2) Use social media to tell the world about what you do. Start a Facebook fan page, a Twitter account and a personal blog. Post pictures of your work and link to them every single day. Tell people your story. Show your humanity. Build a base of people who like what you do and are likely to share it with others. Many of the first jobs I got were from connections I made through the internet. This is still how I get most of my work today!

3) Build/design a beautiful, clean website that highlights your best work. If you can’t do that yourself, pay someone to do it. This is such an important investment. Many art directors will judge you based on your website (or whether you even have one), not necessarily the quality of your work.

4) Show up + network. Go to design, art and illustration conferences and talks. Get over your shyness and interact with people in the business. Support other artists and illustrators. Make friends. Be a nerd.

5) Write down a list of your dream clients or projects. Figure out ways to make connections with those clients. Tweet at them, like them on Facebook, find someone who knows someone who works for them. Take risks.

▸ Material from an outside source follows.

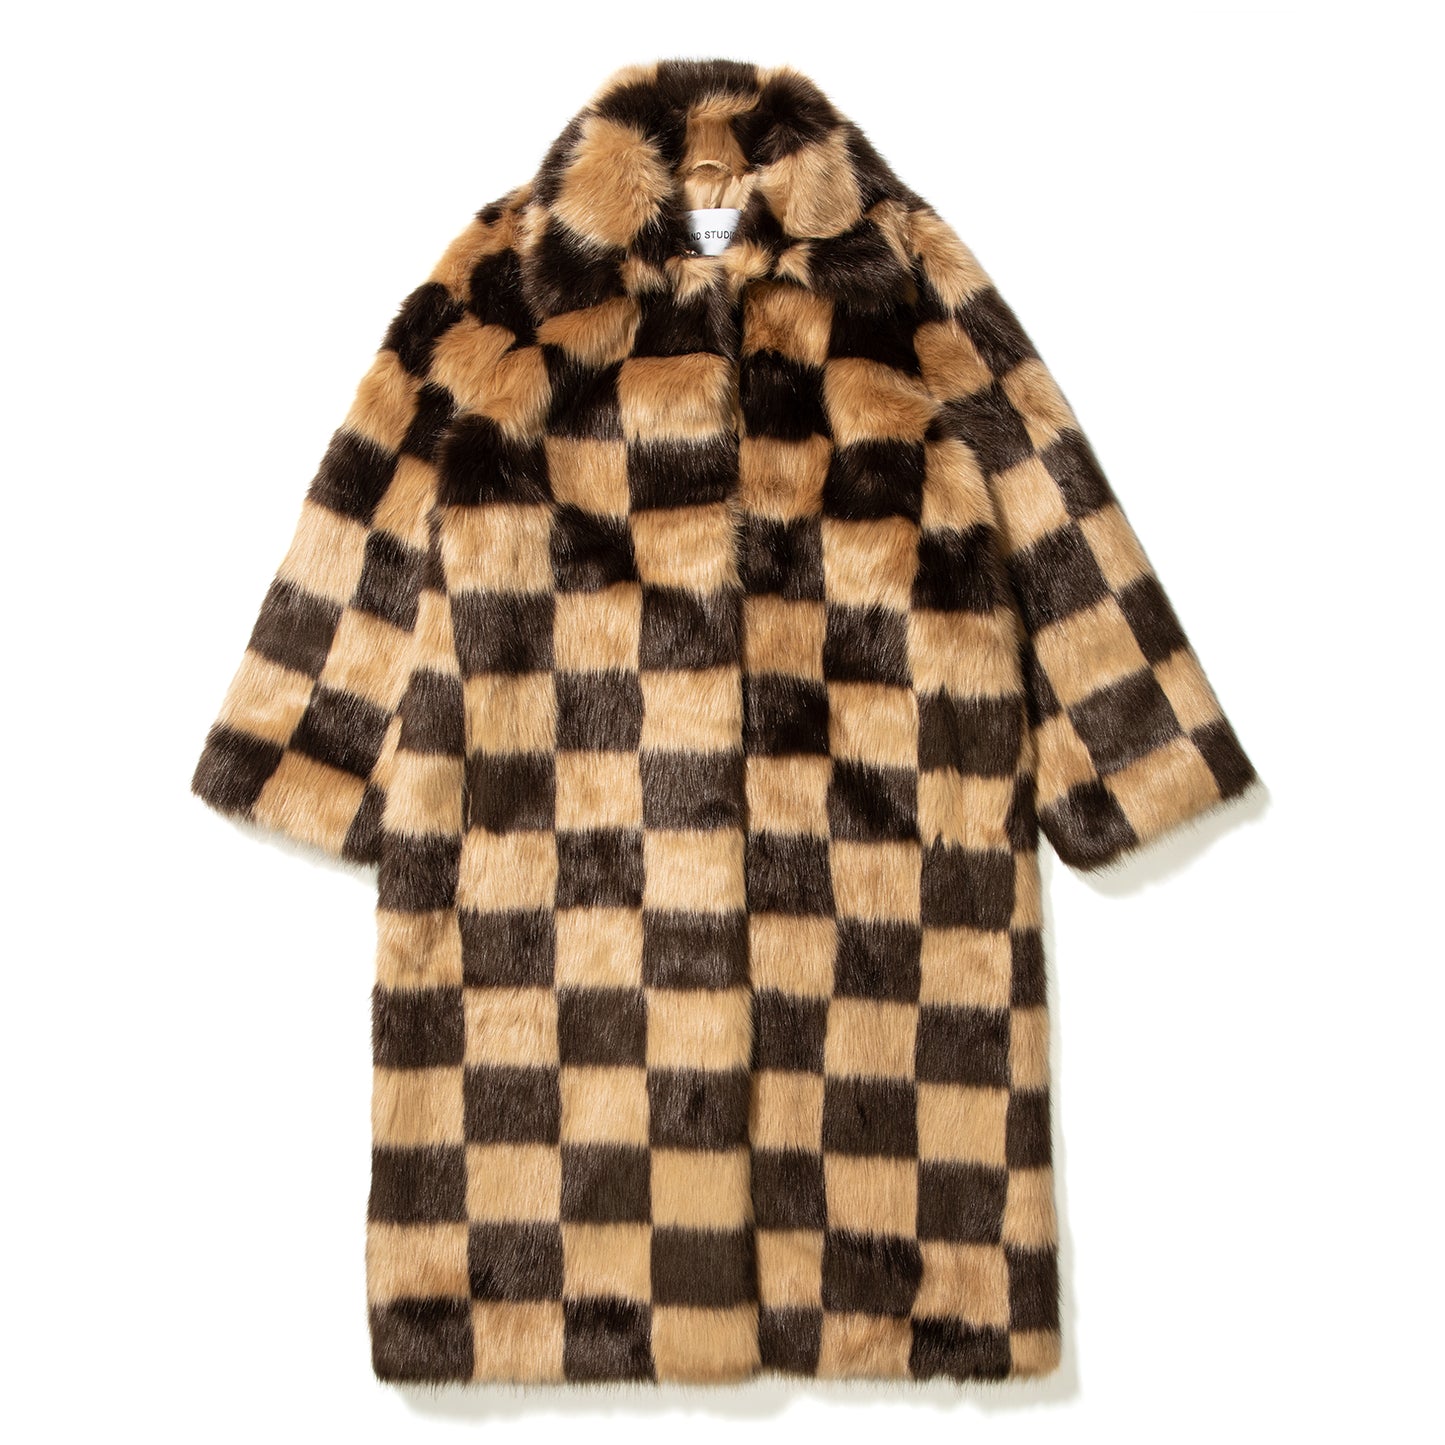 Stand Studio Nino Checkerboard Long Coat (Beige/Brown Check)

6) Sign with an illustration agent. This is not for everyone, but working with an agency can be a fantastic way to get new work + manage complex contracts. I work with Lilla Rogers Studio. Much of my work comes through them (clients find me through them). They also handle all my contracts (I don’t ever have to deal with money or weird difficult conversations with clients). They promote my work and provide enormous support.

7) Consider licensing your work. Get a booth at a show like Surtex. Contact companies that license artwork. But always make sure these are companies with whom you will be proud to have your work associated.

8) Work your butt off. Being a full time freelancer requires enormous sacrifice. No one is hustling work for you. You need to do that yourself. Sometimes that means giving up parts of your social life in order to prioritize and promote your work. Sometimes that means spending your extra money on a new website instead of clothes or dinners at your favorite restaurants.

9) Be as original as you are able. Develop your own style or set of styles. Be your own person. Art directors are looking for fresh work that is new and exciting. They want your unique perspective on the world. Show them what that is.

10) Be patient + positive. Making illustration your full time career takes time and enormous amount of hard work. Very few people get there right out of school or overnight. Stay positive about your own work + path and support others in theirs.